Each year, the AFL is experiencing greater on field influence from first year players. From the 2021 draft, Sam Darcy (Western Bulldogs – Pick 2), Nick Daicos (Collingwood – Pick 4) and Josh Rachele (Adelaide – Pick 6) looked immediately at home at AFL level.

From the 2020 draft, Jake Bowey (Pick 21) played in a premiership in his first year of AFL football. Daicos, seemingly a cut above the rest, has continued his brilliant form and currently leads the AFLCA coaches votes and Brownlow Medal markets.

The expectation on first round draft picks to hit the ground running heightened after the first years of the Blues’ Sam Walsh (Pick 1 – 2018 draft) and Gold Coast Suns duo Matt Rowell and Noah Anderson (Pick 1 and 2 – 2019 draft).

(Photo by Matt King/AFL Photos/via Getty Images)

Expectations have heightened since the early 2000s, when 17-year-old draftees were contracted as longer-term projects, with less urgency on their expected impact at AFL level. For example, the best player of the 21st century, Gary Ablett Jr., only played half of his first AFL year in the seniors at Geelong.

First-year players are getting better, but why is this? Firstly, they are more professional at an early age. Top-tier junior players identified at 12-13 years of age are now placed in elite high-performance weight and fitness programs that have been copied from AFL clubs.

Elite junior footballers are also provided scholarships to Australia’s best private schools, allowing for the AFL-level coaching and facilities that schools such as Melbourne Grammar or Scotch College can provide.

This means that when these youngsters turn professional, they are physically and mentally equipped to immediately endure the rigours of AFL football.

Secondly, numerous AFL clubs also offer academy programs now to local junior players. The Sydney Swans have effectively demonstrated this pathway via the drafting of local lads Callum Mills and Isaac Heeney. These academies allow players to be developed by AFL clubs at a far younger age, meaning that the leap to professional level from junior is not as large.

Due to concerns around concussion and greater tribunal scrutiny, the physical tactics imposed by players throughout AFL games has also changed significantly. Gone are the days where younger players were physically intimidated and targeted by older and more physically mature opponents.

For example, former No.1 draft pick Jack Watts was physically bullied in his first game for the Melbourne Demons by his more experienced Collingwood opponents.

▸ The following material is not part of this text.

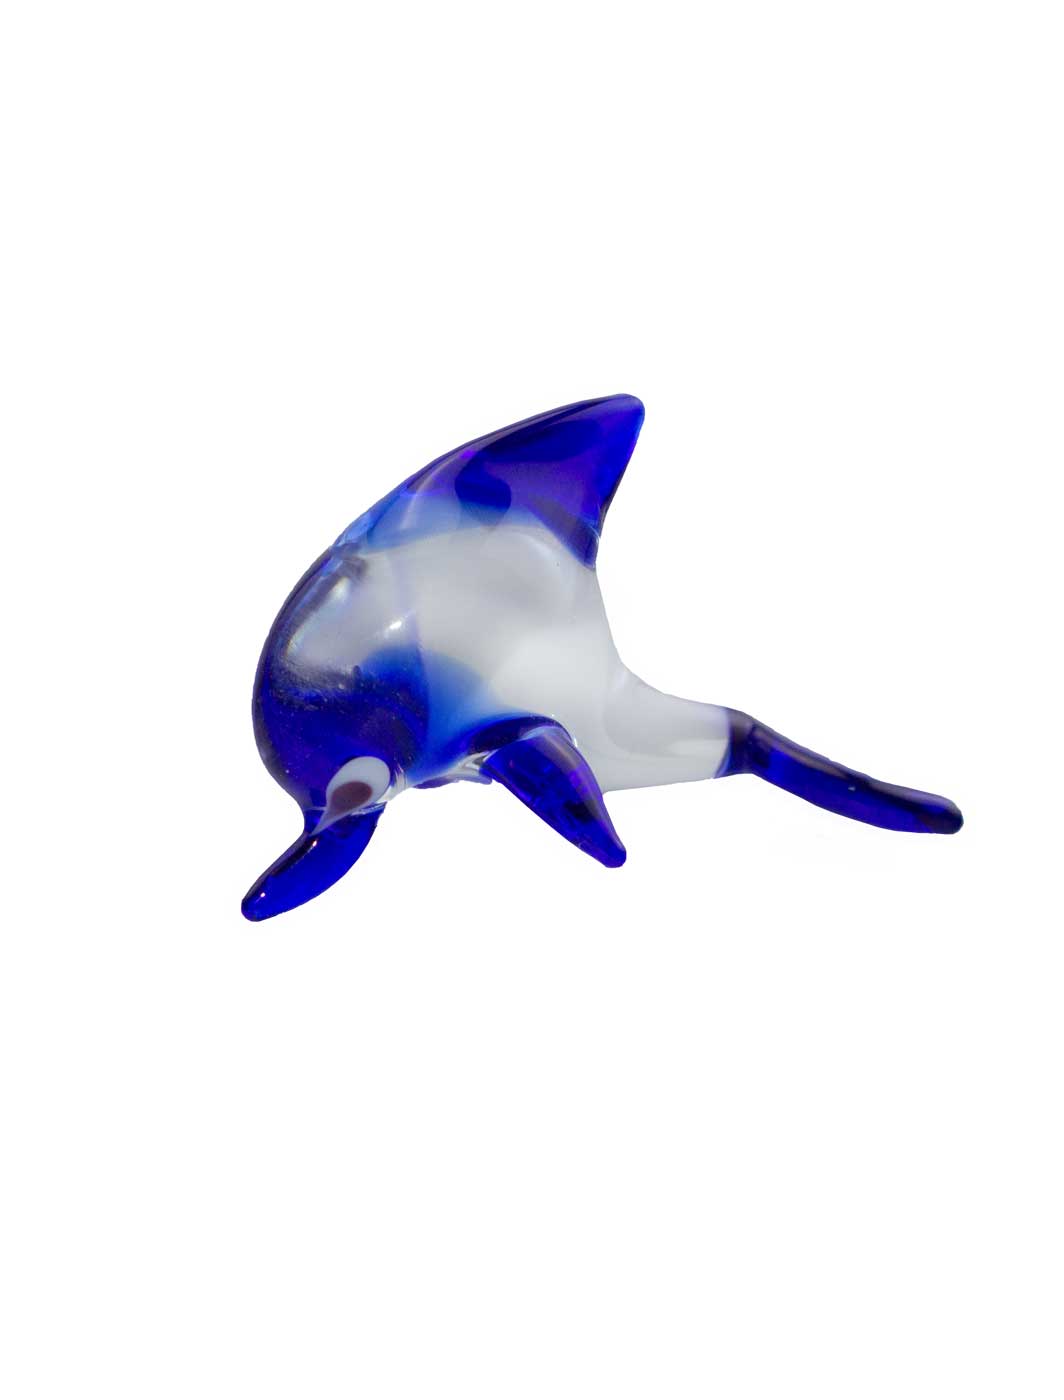 Glasfigur Delphin klein

Why doesn’t this physical intimidation of younger players occur in 2023?

It will be interesting to see if the likes of Daicos and Sheezel attract more physical attention as the season continues.

The pace of AFL games has also changed over the last 10 years, with this change suiting younger players. The AFL is now a more agile and faster running-based sport, rather than a slower, more physical sport, with this shift potentially suiting the younger bodies.

Younger players playing in mud heaps at Moorabbin or Victoria Park in the 1980s or 1990s were less likely to have an impact compared to the men they were playing against.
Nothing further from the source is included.